If no miner will mine a transaction that has a NOP code, then the NOP is effectively illegal. I.e., those lines in the miner's software that say to reject such transactions are effectively part of the validity rules.
Which means that making those opcodes legal is a relaxation of the existing rules, and therefore not a soft-fork type of change.
Your logic seems to be completely confused - so let's take a practical example to try and help you to understand (although I get the feeling you're not interested in actually understanding this at all).
Let's look at CLTV and see how that works. The NOP code becomes OP_CHECKLOCKTIMEVERIFY after the number of nodes supporting the soft-fork has got to the correct level (that is determined by the super-majority mining new block versions).
At this point a script that uses this previous NOP code now enforces a rule check to make sure that the nLocktime is greater than or equal to the value on the stack (if not then the result is zero).
This is a
restriction not a relaxation (as it can now fail this test) - when any node that hasn't upgraded sees this in a block that has been mined then it will also accept the script as valid even though it didn't do the check
and this prevents a fork (as it is indeed being treated as a NOP for such nodes and the value that was pushed onto the stack is the result which is non-zero).

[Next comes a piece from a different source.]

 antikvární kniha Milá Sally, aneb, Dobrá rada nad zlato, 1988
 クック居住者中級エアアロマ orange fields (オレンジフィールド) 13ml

If it was a hard-fork then existing (non-upgraded) nodes would not find blocks that included txs with such scripts to be valid - but as stated *this is not the case* (and again you need to understand the difference between relaying, mining and validating but again I'm sure you'll just refuse to admit that there is any difference and insist that it is all just validation).
If you want to keep on arguing about definitions without actually bothering to understand how the system works then I don't think that anyone here is going to keep on wasting their time trying to explain it to you.
Bitcoin isn't some sort of theoretical model but instead is a practical piece of software (so it doesn't actually care about what you think the behaviour of things should be according to what you think the terms should refer to).